───── Available data

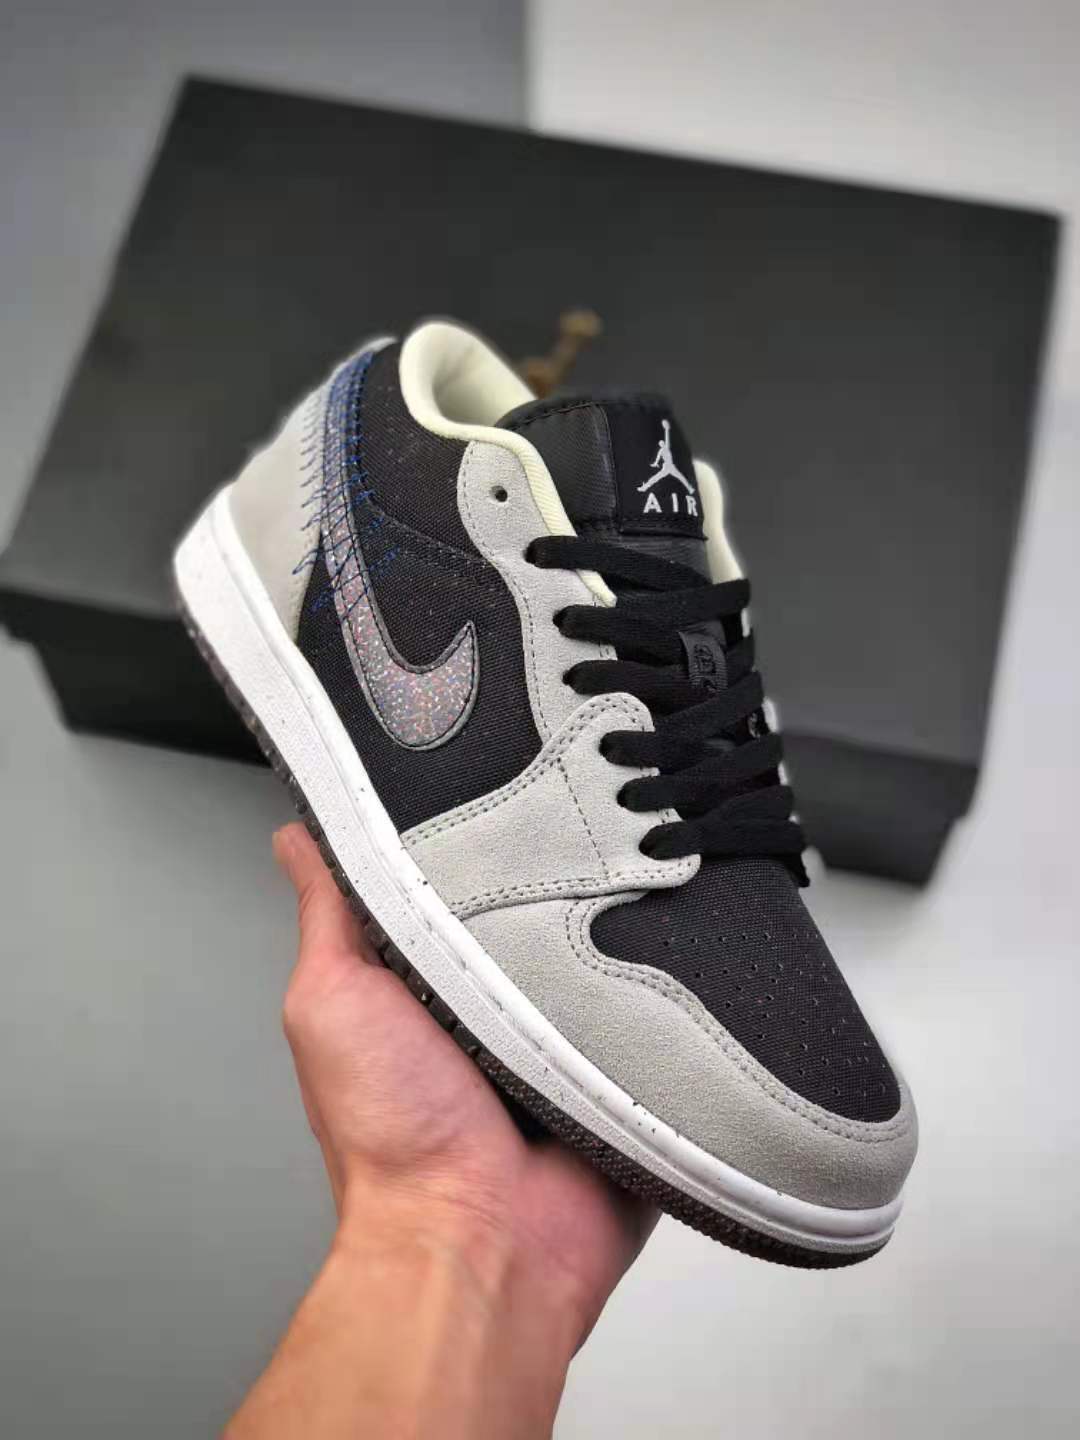 Air Jordan 1 Low 'Crater' DM4657-001 - Stylish and Sustainable Footwear
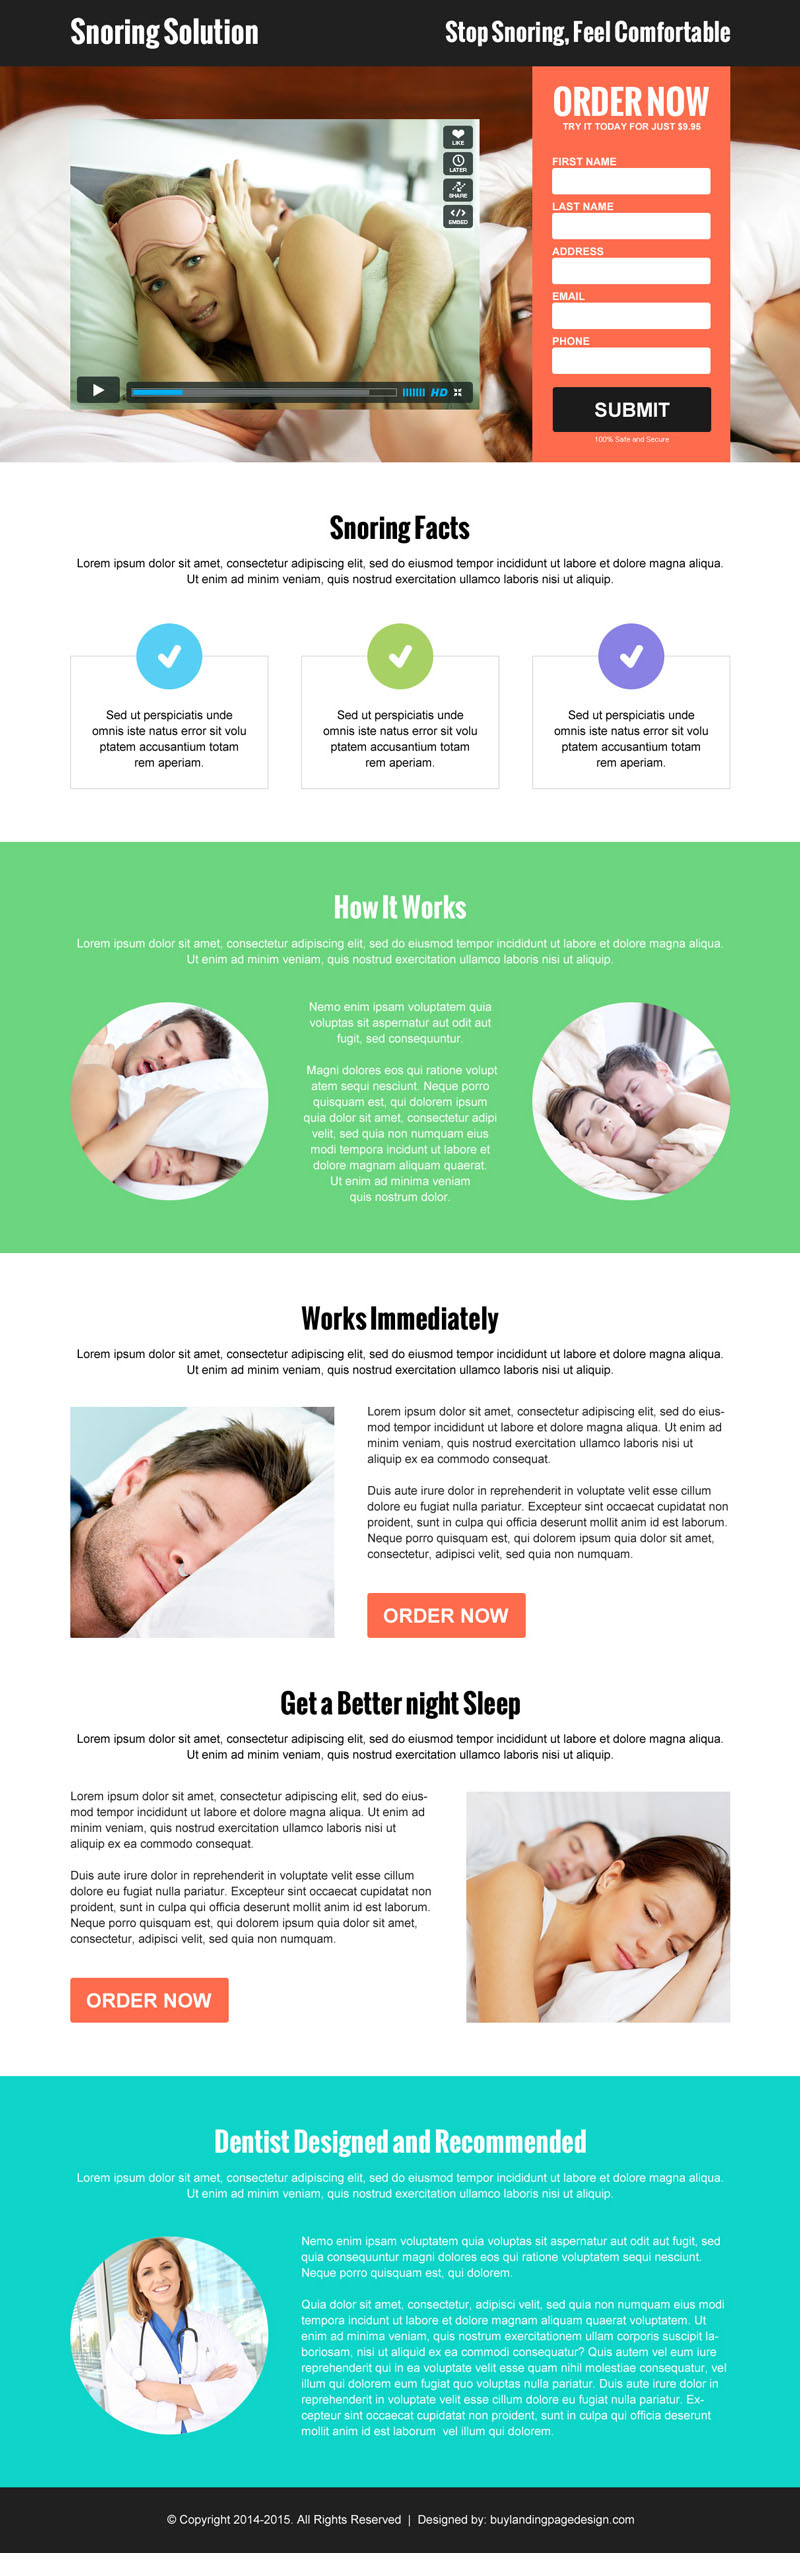 anti snoring video lead capture converting landing page template to increase conversion, leads and sales of your biz https://www.buylandingpagedesign.com/buy/anti-snoring-video-lead-capture-converting-landing-page/1437
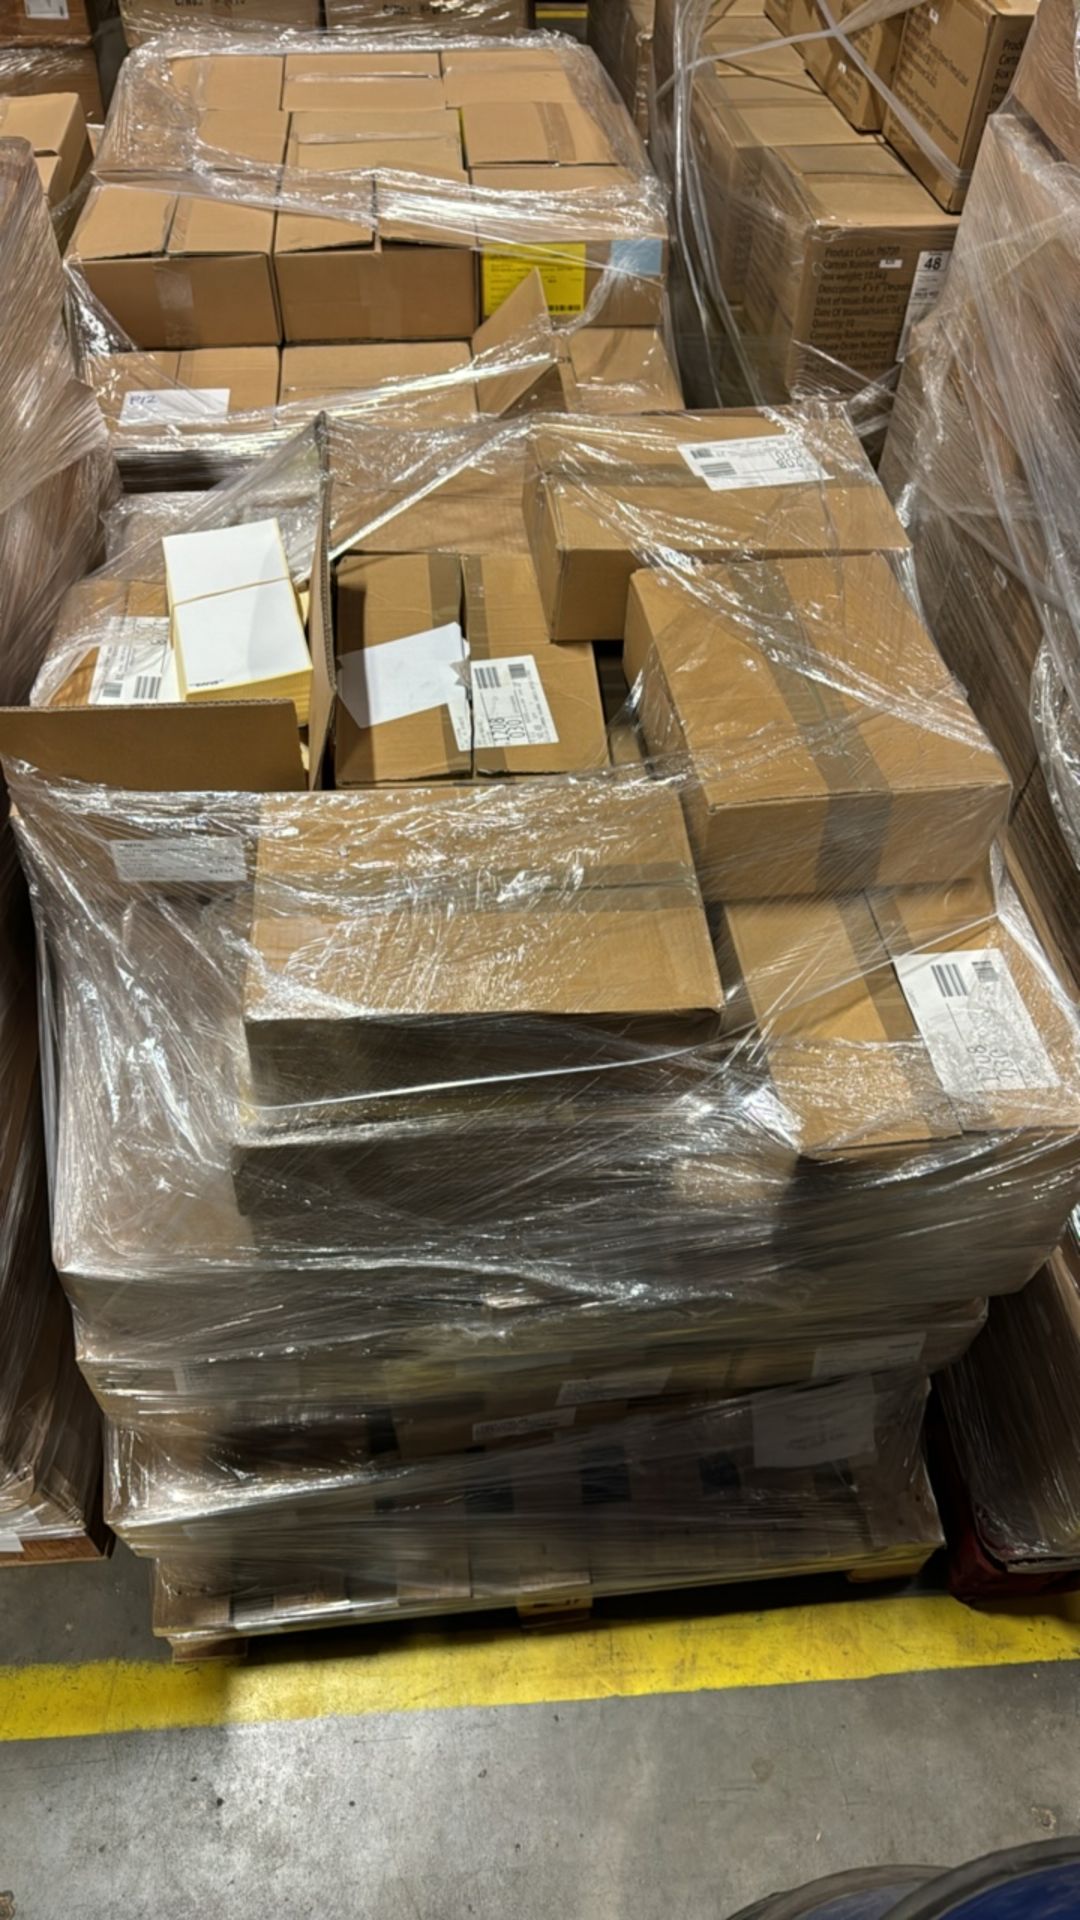 Pallet Of Thermal Labels
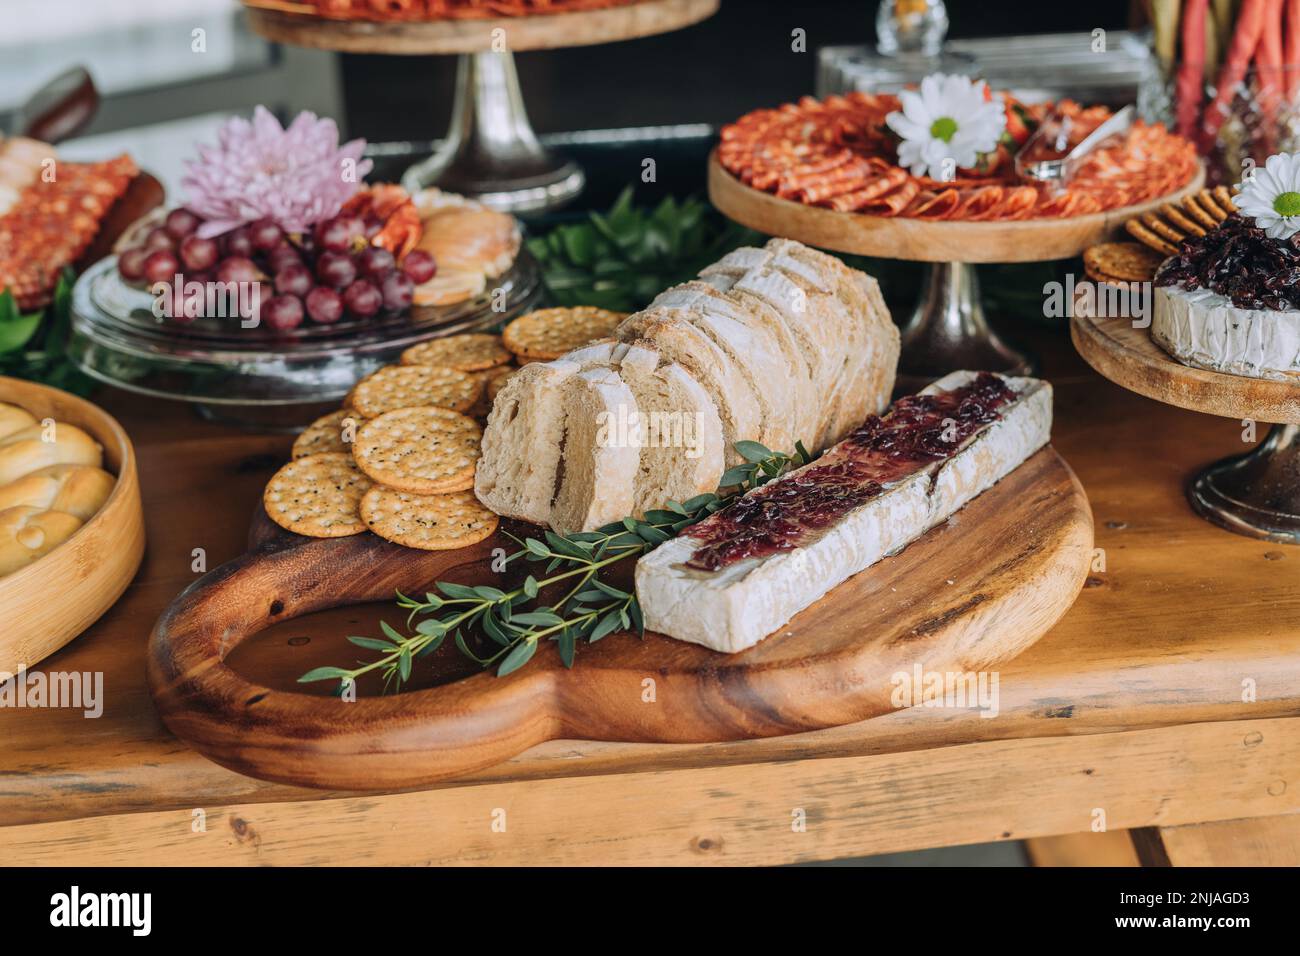 A variety of appetizers including various meats, cheese, and fruits arranged on multiple plates and platters on a wooden table Stock Photo
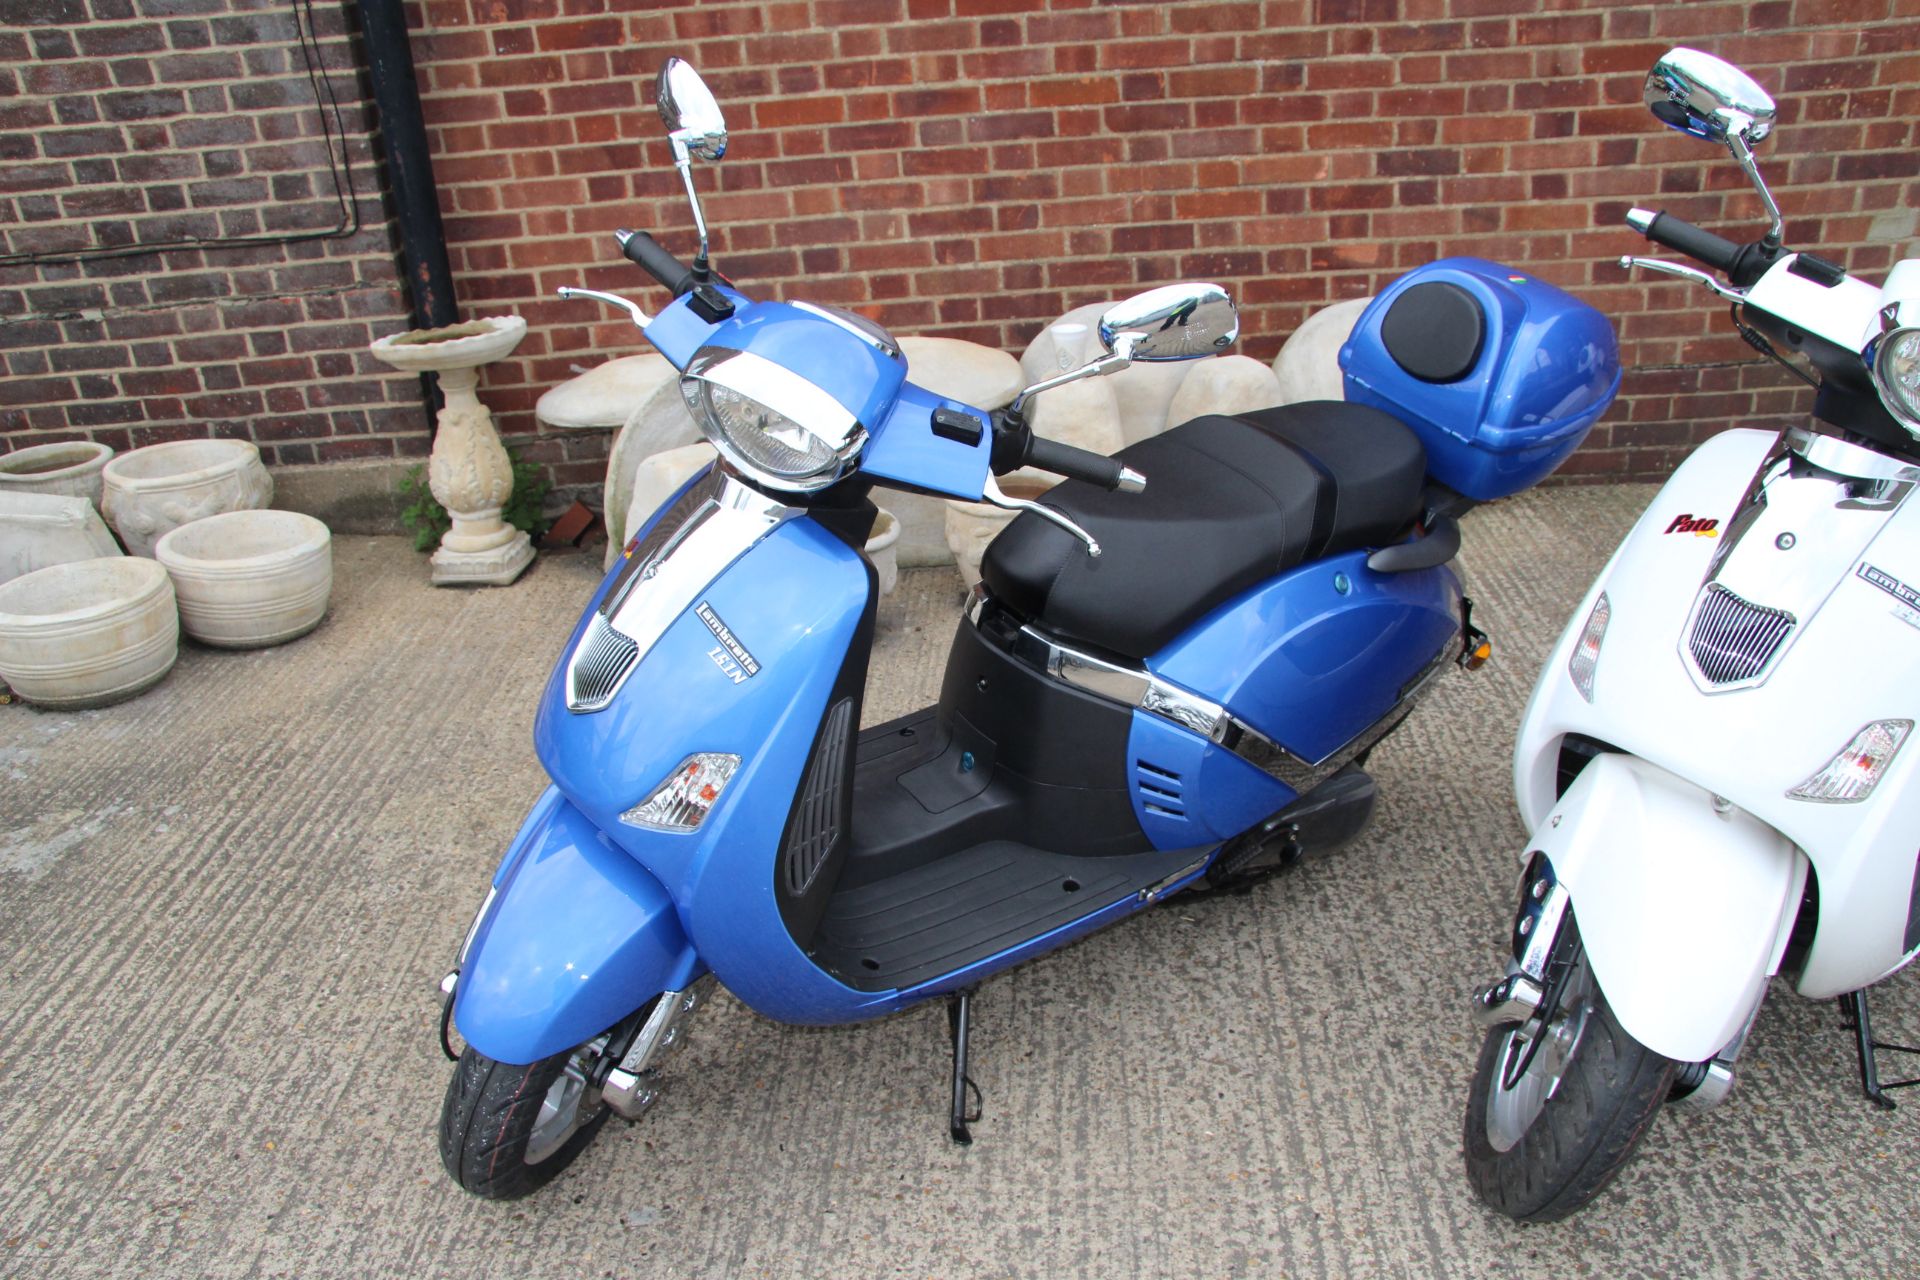 V Brand New Lambretta Pato 151cc Scooter- GREY-/Mileage 00000 Boxed ISP 1250 (Motorcycle Movers)

──────────

> **Try it**
Beginning with the line containing "anti snoring video" and ending with the last line of the listing above, output those lines exactly as written, without pictures.

> **Solution to this exercise**
 anti snoring video lead capture converting landing page template to increase conversion, leads and sales of your biz https://www.buylandingpagedesign.com/buy/anti-snoring-video-lead-capture-converting-landing-page/1437
 Pallet Of Thermal Labels
 A variety of appetizers including various meats, cheese, and fruits arranged on multiple plates and platters on a wooden table Stock Photo
 V Brand New Lambretta Pato 151cc Scooter- GREY-/Mileage 00000 Boxed ISP 1250 (Motorcycle Movers)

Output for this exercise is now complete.